Для проживающих на территории зоны действовали специальные пропуска для всех работающих и временные пропуска для членов их семей. Выезд за зону разрешался только по служебной необходимости, на санаторно-курортное лечение и при исключительных обстоятельствах: смерть или тяжёлая болезнь близкого родственника, а также на свадьбу к детям, но в каждом таком случае надо было получить разрешение в режимной службе.

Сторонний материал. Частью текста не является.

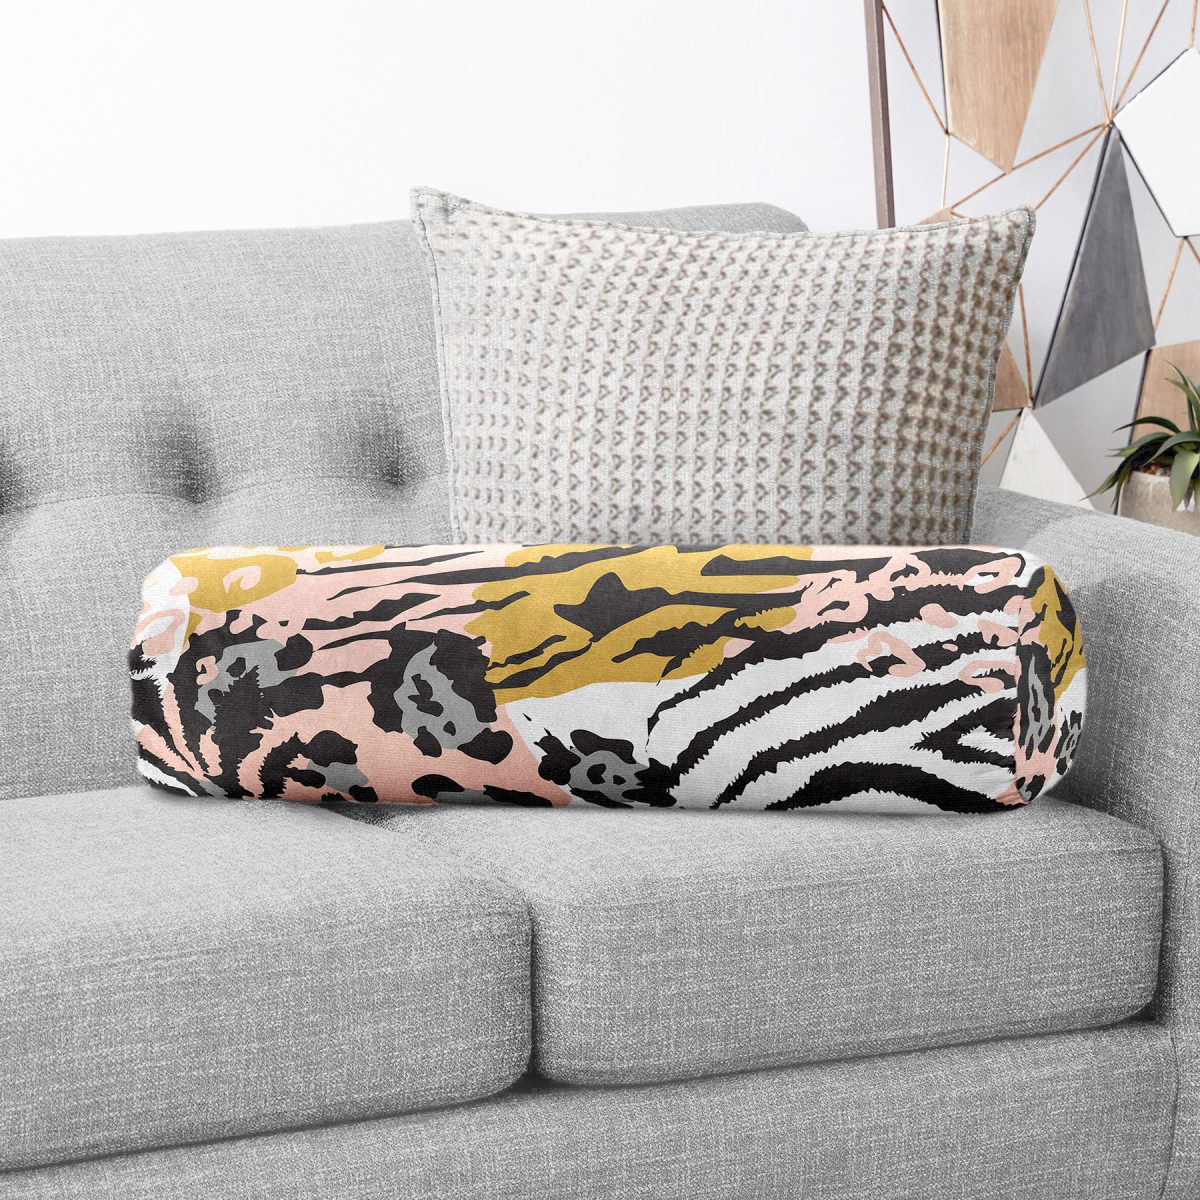 Soft Renkli Özel Tasarım Zebra Motifli İç Dolgulu Yumuşak Silindir Form Yastık Kırlent Realhomes

В 1962 году был установлен новый порядок выезда жителей города за пределы зоны: свободный выезд или выход с 6 утра до 7 часов вечера. При этом все выехавшие обязаны были вернуться в город в тот же день: с апреля по октябрь – до 23 часов, с ноября по март – до 21 часа. Тех, кто несвоевременно возвратился, пропускали через КПП с изъятием у них пропусков. Только выезд в командировки и отпуска разрешался круглосуточно. Ограничения по времени возврата вызывали у людей постоянные нарекания и в дальнейшем были отменены.
Весьма жесткими были и требования к обеспечению секретности. Не только те, кто не работал в НИИ-1011, но и большинство его сотрудников не знали определённо, какую конечную задачу выполняет основное предприятие. Каждое подразделение занималось своим направлением, а что делают в соседнем отделе и даже в группе, чаще всего знали только руководители. Это я понял, конечно, не сразу, поскольку, работая в городской среде, не соприкасался с тем, ради чего был создан объект. Работающие же на нём, даже если были мне хорошо знакомы, никогда не рассказывали о том, чем занимаются, т.к. давали подписку о соблюдении государственной тайны.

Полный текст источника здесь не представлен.